G.R. No. 73889. September 30, 1987
FLORENCIO BALATERO AND HEIRS OF JOSEFA BADELLES, PETITIONERS, VS. INTERMEDIATE APPELLATE COURT AND JUAN VELOSO, RESPONDENTS.
GUTIERREZ, JR., J.:
This is a petition to review on certiorari the decision of
the then Intermediate Appellate Court in AC-G.R. No. CV-58576
which reversed the decision of the then
Court of First Instance of Lanao del Norte in
Cadastral Case No. IL-N-1 LRC Record No. N-146
adjudicating Lot Numbers 433-A and 433-B of the Iligan
Cadastral 292 to petitioners Florencio Balatero and the heirs
of Josefa Badelles.
The Director of Lands initiated the court proceedings to settle and adjudicate
1419 lots to rightful claimants inside the tract of land in Iligan City designated as the Iligan
Cadastral 292.
The claimants for Lot No. 433 with an area of 216 square meters
and Lot No. 817 with an area of 34 square meters were:
1. Petitioner Florencio Balatero for a portion of
both lots, by purchase from Josefa I. de Badelles and Leona, Salvacion,
Jose, Catalina and Dominga, all surnamed Badelles;
2. Josefa Iglupas Badelles for Lot No. 433 having inherited the
same from her parents. Josefa died during pendency of
the case and was substituted by her heirs, petitioners herein;
3. Private respondent Juan
A. Veloso, for Lot No. 433, having purchased the same
from Josefa Iglupas; and
4. Anacleto Iglupas for Lot No. 433,
having inherited the same from his deceased parents Alejo
Iglupas and Tomasa Ronda.
The facts which
formed the basis for the trial court’s decision are summarized as follows:
“The court finds that Lot No. 817 which contains an area of 34
square meters was provided by the cadastral surveyors for the widening of a
national street and the corner thereof with San Miguel
St. With the
filing of their cadastral answers,
claimants admit that the land in question is still part and parcel of the
public domain. The State as sovereign
power and as absolute and final owner of all lands of the public domain has the
right to segregate from an area
which it allows to be claimed for private ownership such portion or portions
thereof as it may deem necessary to retain for common use and for the public good. Lot
No. 817 cannot, therefore, be claimed in private ownership by the claimants
herein or any other person for that matter.

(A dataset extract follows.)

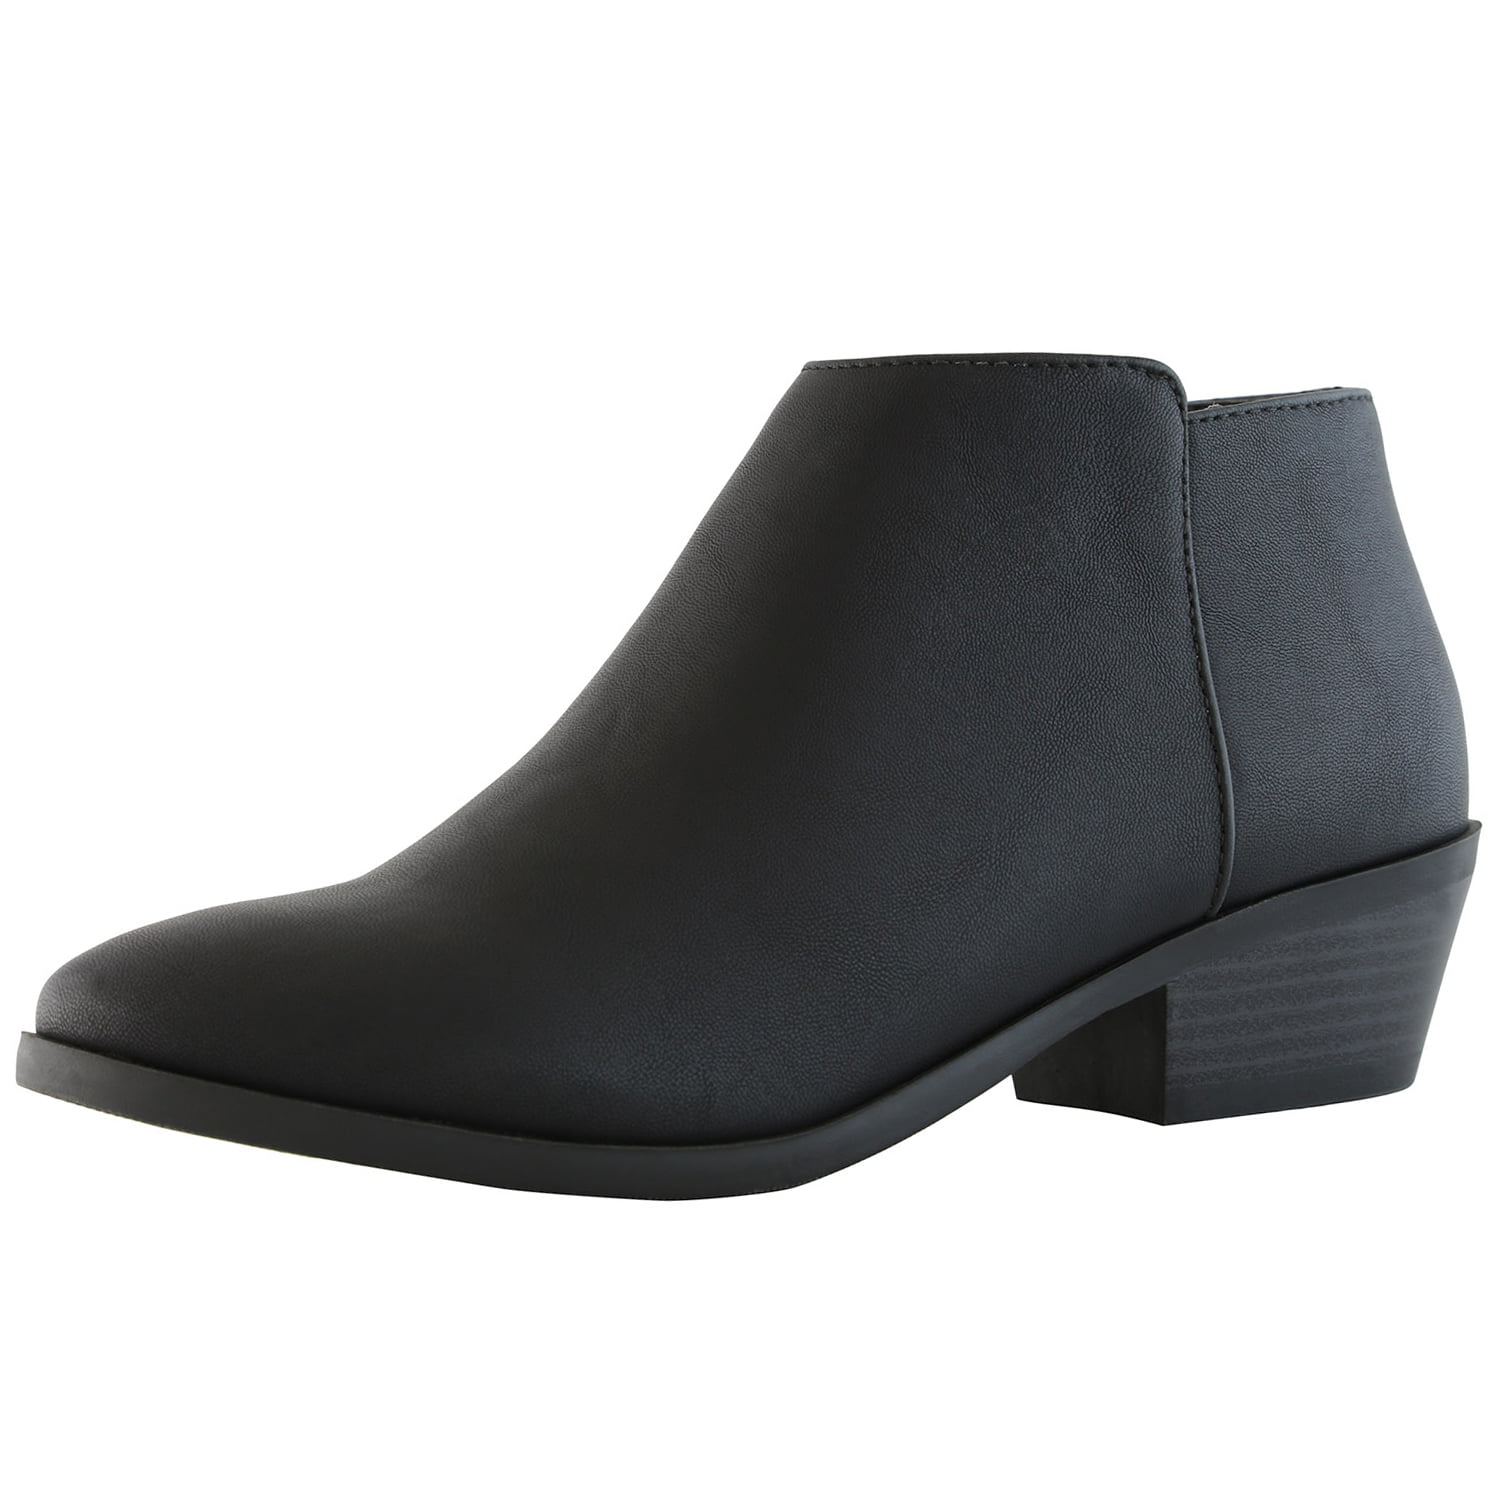 black booties flat heel

The State had reserved the same for public use.” (p. 33, Rollo)
xxx xxx xxx
xxx xxx xxx
“x
x x That the
property in question was originally owned by the parents of Josefa
Iglupas (mother-in-law of claimant Florencio Balatero) and her
brother Alejo (father
of
claimant Anacleto Iglupas);
that after the death of their parents, the
lot was given
to Alejo Iglupas and his
wife Tomasa Ronda; that Alejo Iglupas
died in 1916 and on May 10, 1968, his widow Tomasa Ronda, and their son Sovero
sold the property to Josefa Iglupas and
her husband Juan Badelles for a consideration of P111.00, which sale is embodied in
a public document denominated ‘Escritura de Compra Venta‘ (Exh. “E”); that in that same year of 1918, Josefa Iglupas together with her husband and children
occupied the lot and the old house thereon; that in 1925, Josefa Badelles built a new and bigger house on the lot;
that Juan Badelles died in that house and lot in 1927 and his widow Jesefa
Badelles and her children continued living thereon
until the
children became of age and got married; that Josefa
I. Badelles herself died in that property in
1967; that on June 9, 1930, Josefa Iglupas in order to
secure a loan
of P68.00 mortgaged the property to claimant Juan Veloso
in a public document denominated as ‘Pacto de Retro Sale’ (Exh.
“B”); that this loan was paid sometime in 1947, first in an amount of P100.00 and subsequently an
additional amount of P300.00; that on April 30, 1954, Josefa Iglupas and her children
Catalina, Leona, Salvacion and Leoncia
sold a portion
of the lot to Florencio Balatero
as shown in a document denominated ‘Deed of Sale Unregistered Land’ (Exh. “II”); that the lot was later resurveyed
and subdivided and in a plan (Exh.
“I”) duly approved by the Director of Lands, Lot
433 was
divided into Lot 433-A (Exh.
“I-A”) with an area of 98 square meters as pertaining to Florencio
Balatero and Lot 433-B (Exh. “I-B”)
with an area of 118 square meters as pertaining to the Heirs of Josefa Badelles; that Josefa Iglupas Vda. de Badelles
had occupied the property from the year 1918 and up to the time of her death in
1967 when her ‘Deed of Sale of Unregistered Land’ (Exh.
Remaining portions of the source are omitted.